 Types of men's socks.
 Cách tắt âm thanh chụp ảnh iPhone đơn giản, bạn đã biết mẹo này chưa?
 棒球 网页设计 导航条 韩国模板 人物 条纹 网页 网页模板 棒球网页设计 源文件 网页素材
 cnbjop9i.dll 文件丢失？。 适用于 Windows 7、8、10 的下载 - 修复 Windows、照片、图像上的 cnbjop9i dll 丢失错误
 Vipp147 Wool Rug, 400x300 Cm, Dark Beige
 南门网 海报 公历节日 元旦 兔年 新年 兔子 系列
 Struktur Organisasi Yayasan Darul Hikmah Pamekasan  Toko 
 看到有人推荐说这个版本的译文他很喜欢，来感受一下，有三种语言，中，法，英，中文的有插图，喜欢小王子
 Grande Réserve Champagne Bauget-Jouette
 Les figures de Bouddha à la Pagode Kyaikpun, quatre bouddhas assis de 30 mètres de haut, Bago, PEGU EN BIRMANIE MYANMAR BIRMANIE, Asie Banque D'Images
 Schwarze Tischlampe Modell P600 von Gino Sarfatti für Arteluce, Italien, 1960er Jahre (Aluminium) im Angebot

-----

Please reproduce, exactly as written, the lines of the records from the first line through the one containing "Struktur Organisasi Yayasan".

Answer for this exercise
 Types of men's socks.
 Cách tắt âm thanh chụp ảnh iPhone đơn giản, bạn đã biết mẹo này chưa?
 棒球 网页设计 导航条 韩国模板 人物 条纹 网页 网页模板 棒球网页设计 源文件 网页素材
 cnbjop9i.dll 文件丢失？。 适用于 Windows 7、8、10 的下载 - 修复 Windows、照片、图像上的 cnbjop9i dll 丢失错误
 Vipp147 Wool Rug, 400x300 Cm, Dark Beige
 南门网 海报 公历节日 元旦 兔年 新年 兔子 系列
 Struktur Organisasi Yayasan Darul Hikmah Pamekasan  Toko 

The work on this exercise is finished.